In the translation, it has been observed that the translation of words is done more in the context of their own patterns rather than the syntax context. This situation has facilitated a better understanding of Arabic patterns and their equivalents in terms of structure and meaning, making comparison easier. Additionally, it has been noted that the passive, causative, and reflexive suffixes, which determine the relationships of subjects and objects in the execution of the verb, are frequently used in the translation, expanding the semantic framework of verbs. However, in the meanings, it is observed that these suffixes are not used much.
According to the translation method based on meaning, situations arising from the translation that hinder the comparison of equivalents have also been identified. Expressing pattern equivalents with different word groups, such as adverbs and conjugated verbs, preferring different basic, derived, and figurative meanings of Arabic patterns, or selecting Arabic-Persian words as equivalents to Arabic words have hindered the comparison of patterns with their equivalents. Additionally, the fact that these issues observed in the translation are also present in the interpretation indicates that Türkiye Turkish is a continuation of the Karahanid Turkish period.

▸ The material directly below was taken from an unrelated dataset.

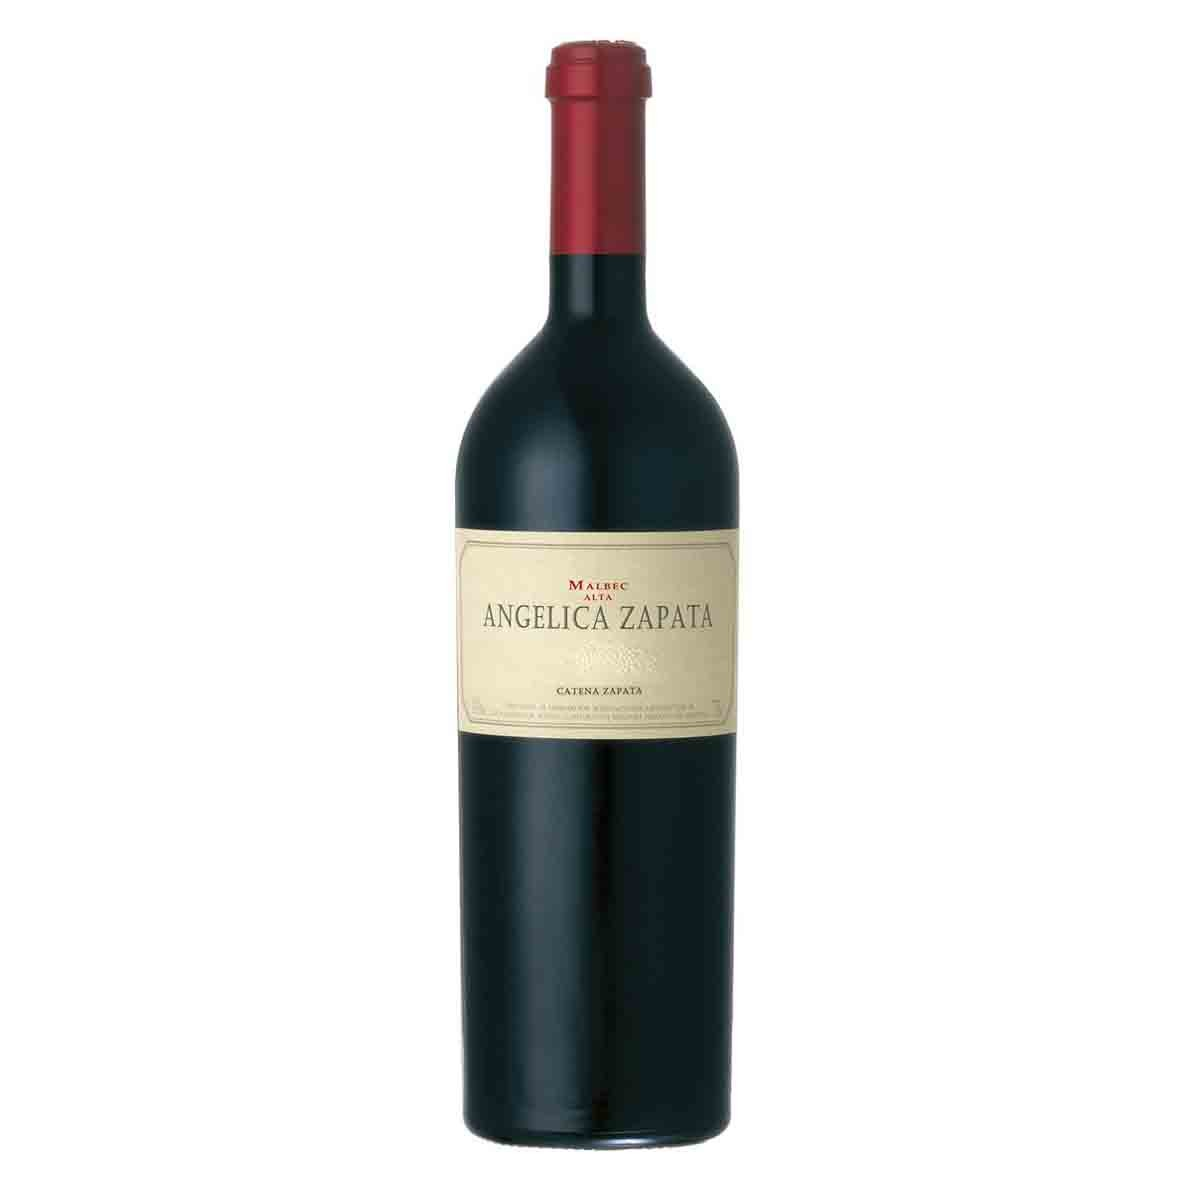 Vinho Argentino Tinto Angelica Zapata Malbec 2015 750ml

As a result of the comparisons, 177 examples were identified in the text as equivalent to the phrases "ism fâ’il", "ism mef’ûl", "mubâlagha ism fâ’il", "al-sifa al-mushabbaha", "ism tafdîl". It was observed that 58 percent of the examples were adjectives expressing temporary adjectives and 42 percent were words or word groups using derivational suffixes that formed permanent adjectives.
The high rate of adjectival participles, at 58 percent, can be considered as an effort to find adjectival participle equivalents for Arabic patterns. These data indicate that the adjectival participle structure is frequently used as a counterpart to Arabic patterns.
It should be noted that the archaism rate of the words taken as examples in the context of Karahanlı Turkish and Türkiye Turkish is quite high, at around 89 percent. The number of words not used in Türkiye Turkish is 85 (50 percent), while the number of words with differences in meaning or spelling is 65 (39 percent). Consequently, it becomes evident that Türkiye Turkish is deprived of the richness of Turkish verb bases at a rate of 50 percent that did not reach from the Karahanlı period to the present day.
In sum, the translator has demonstrated the presence of distinctive usage patterns of Karahanlı Turkish, a standardized language, in this work. The high proportion of Turkish words in the Karahanlı era translation of the Qur’an, as evidenced by the translator's sensitivity to translation, indicates consideration for the Arabic-illiterate population. As understood from the conducted studies, this is also comprehensible by linguists. In order for contemporary readers to benefit from the legacy of Qur’an translations, researchers need to conduct studies on Qur’an translations. Qur’an translations are a rich source for many topics in language studies. Many areas remain unexplored, such as the parallel and past syntax of translation texts, Turkish equivalents of Arabic verbs and derivatives, and the semantic analysis of Turkish verbs.
Turkish Islamic Literature Karahanlı Turkish Qur’an Translation Present Participle Object Morphological Adjective Adjectival Participle Archaisms.
Karahanlı dönemi Kur’an tercümeleri neşirlerinden faydalanan araştırmacılar esmâ-i hüsnâ, dini terimler, soyut kelimeler gibi konularda çalışmalar yaparak Türk diline katkıda bulunmuşlar, çalışmalarında tarihi Türk lehçesi olan Karahanlı Türkçesindeki kelimelerin büyük bir kısmının Türkiye Türkçesinde eskicil hâle geldiğini ve ayrıca Türkçe fiil tabanlarının kullanım sıklığını belirlemişlerdir. Belirlenen konulardaki çalışmalara katkı sağlamak amacıyla bu çalışma yapılmıştır.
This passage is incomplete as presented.